# Homer or Bender?



## caringsharingbristolbilly (Dec 3, 2004)

Just a quick tea break poll to satisfy my curiosity.   

Which is better, in your opinion?

Simpsons or Futurama?
Springfield or New New York?
Homer Jay Simpson or Bender Bending Rodriguez?
Marge or Leela?
Hibbert or Zoidberg?
Snowball II or Nibbler?
Power Plant or Planet Express?

*Vote now!*


----------



## Iridium (Dec 5, 2004)

caringsharingbristolbilly said:
			
		

> Just a quick tea break poll to satisfy my curiosity.
> 
> Which is better, in your opinion?
> 
> ...



Futurama without any question!
NNY
Mr Bender Bending Rodriguez!
Leela - sexy in a Jessica Rabbit kinda way (weird I know but true)
Might lean towards Hibbert but a close one...
Nibbler definately!
Planet Express!

They should have cancelled the Simpsons and carried on with  Futurama!


----------



## Smitty (Dec 5, 2004)

Futurama...Our last Ferret was nicknamed "Nibbler"

Smitty


----------



## adaytay (Dec 8, 2004)

While the simpsons are cool, Futurama just wins it for me - trouble is with the Simpsons they are on all the time on half-a-dozen different channels (well - two), and I get fed up seeing them sometimes.

Ad.


----------



## Zack Barresse (Dec 9, 2004)

SIMPSONS!!!


Okay, I like the oldies stuff.  I may have a slight biased opinion due to the fact that I haven't seen Futurama in like a year, and hardly watch any TV, but when I get home from emt/fire training the Simpsons is usually on.  They have never failed to make me laugh.  The writer's of that show oughta win some kind of 'funniest writing for the longest streak' award.


----------



## DRJ (Dec 26, 2004)

Homer is the best.

Marge: Homer, your work says if you don't come in on Friday to not bother coming back on Monday.

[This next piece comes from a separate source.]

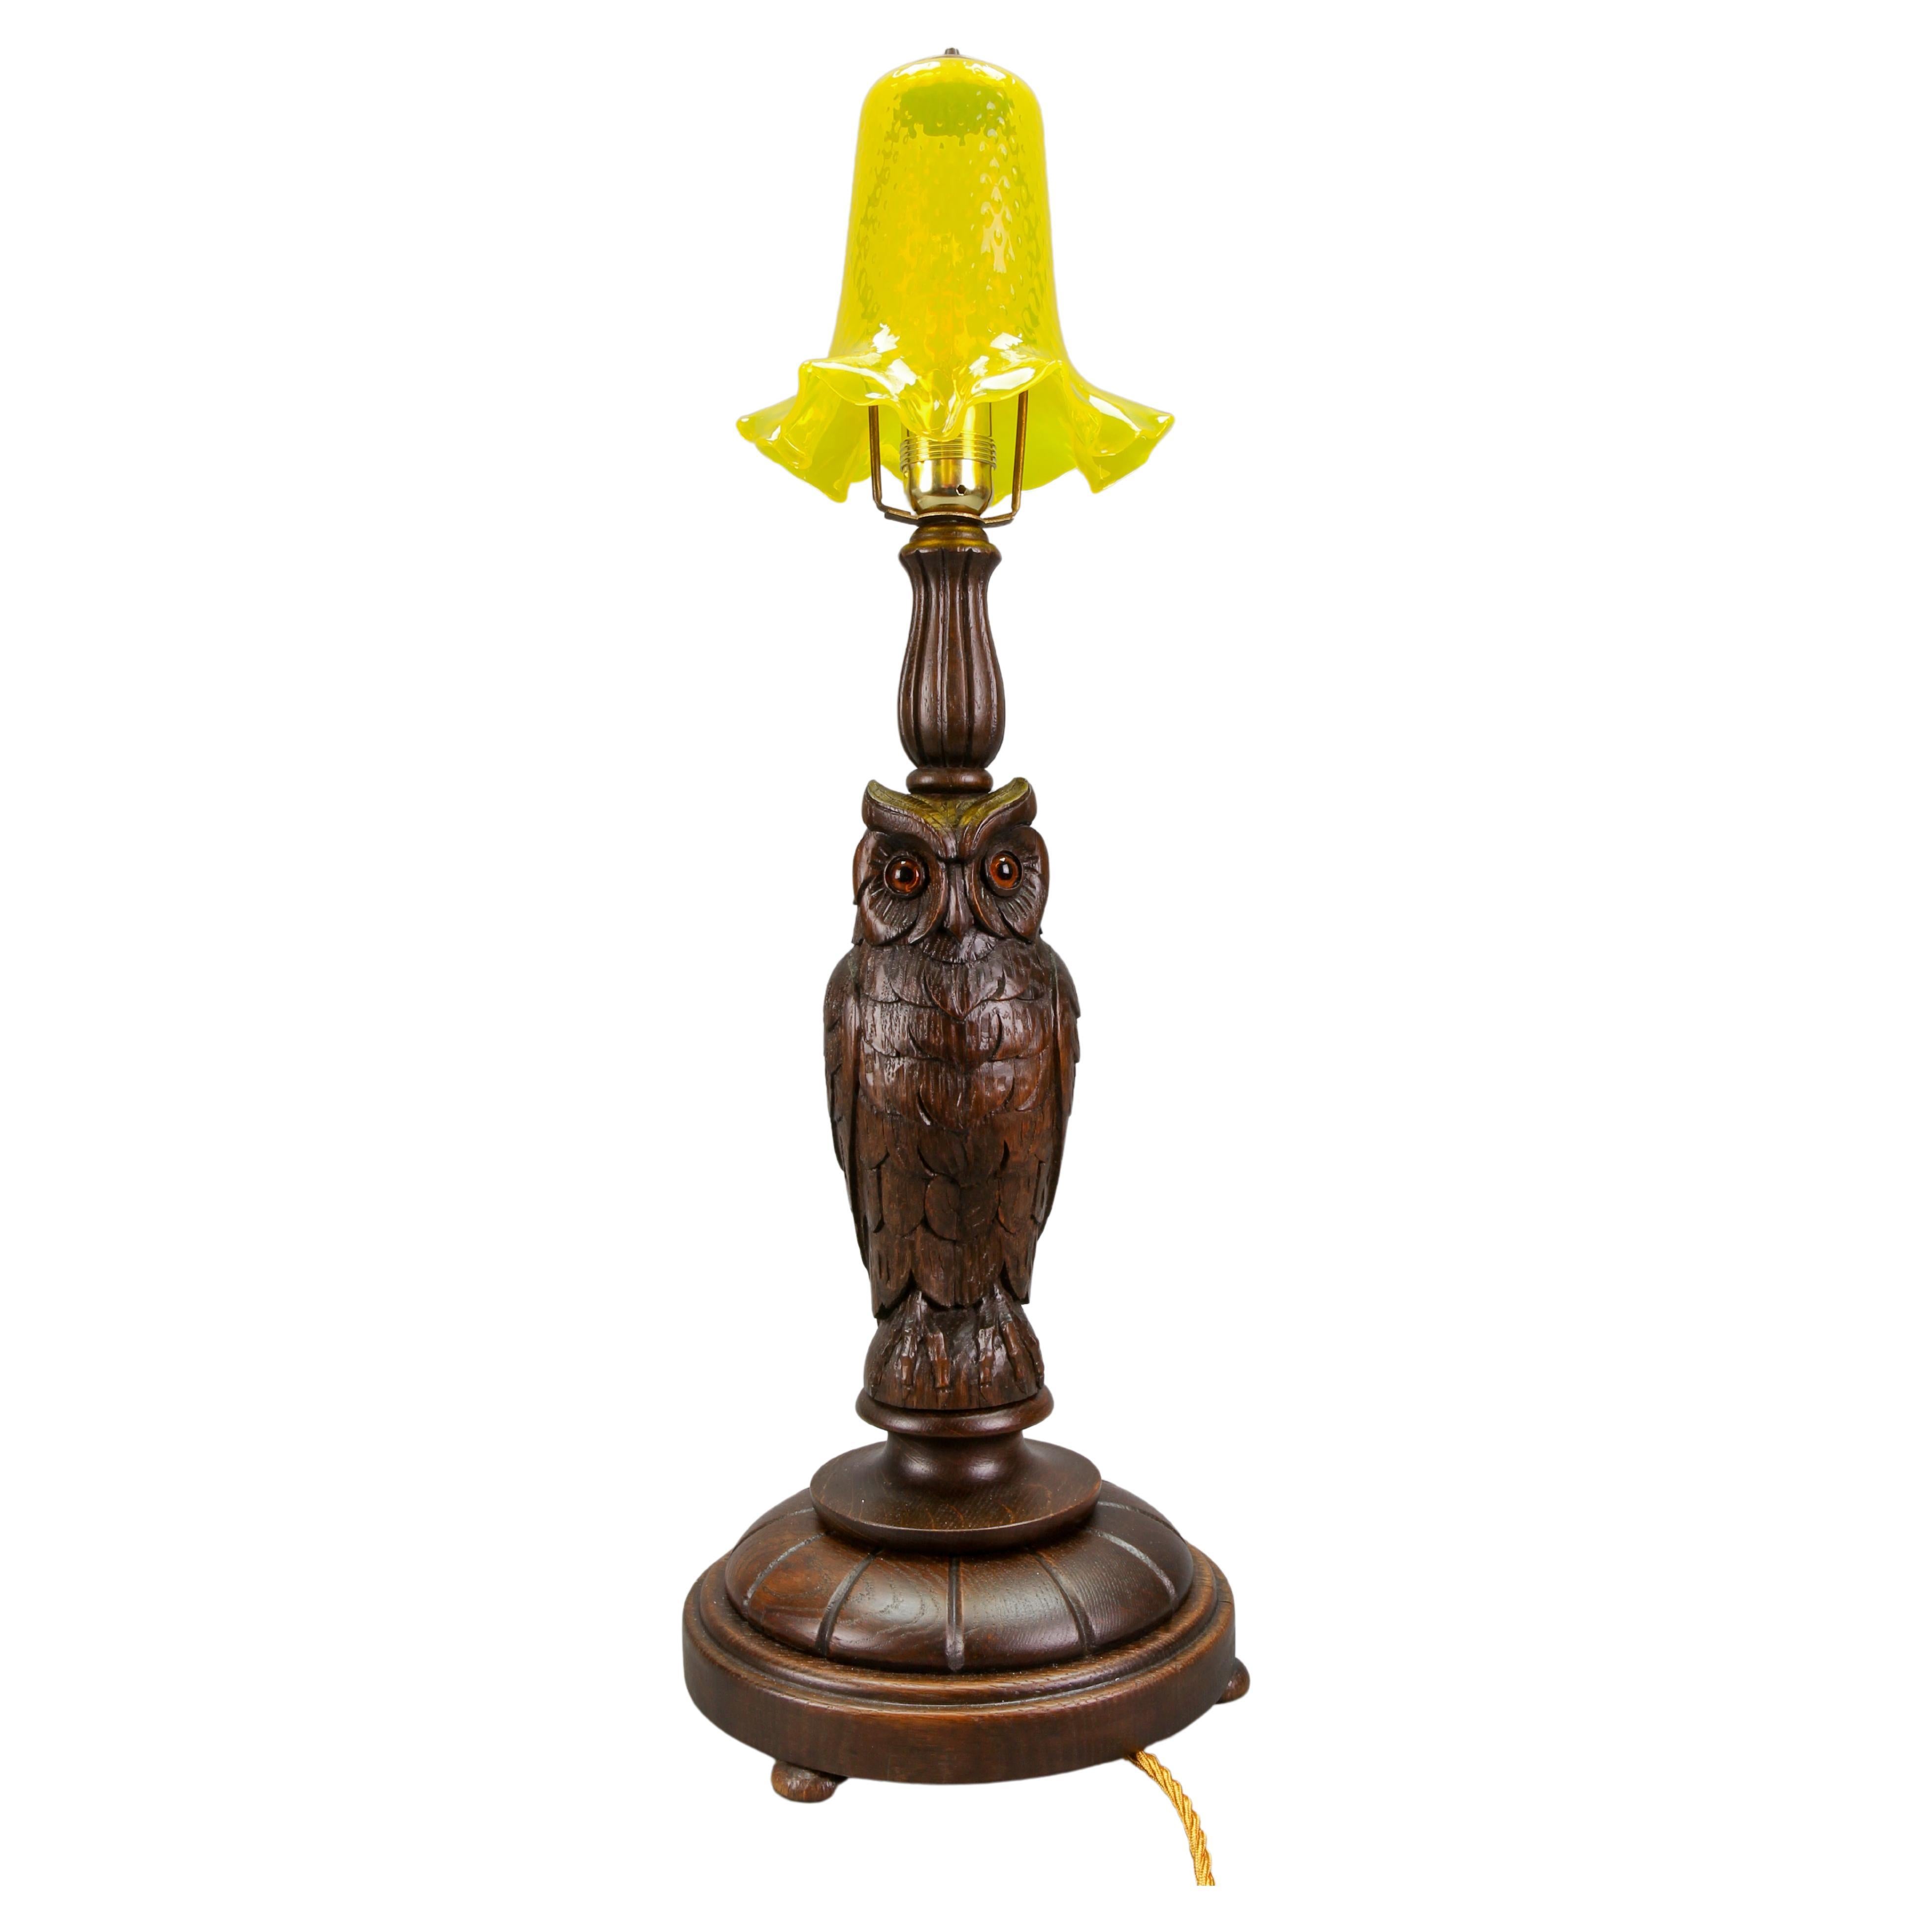 Lampe de bureau Art déco avec sculpture de hibou et abat-jour en verre jaune, vers 1920

Homer: WooHoo!! FOUR DAY WEEKEND!!


----------



## FinancialAnalystKid (Dec 28, 2004)

First - I do believe there's nothing that can replace the Flintstones or the Jetsons!!! 

I've been a big fan of those two shows having a pretty decent collection of DELL comics dating back in the 60s. No, I wasn't reading comic books back in the 60s - i ain't that old yet. But its coming up fast.

HOMER is funny as heck and my sister does a great voice imitation of Bart!


----------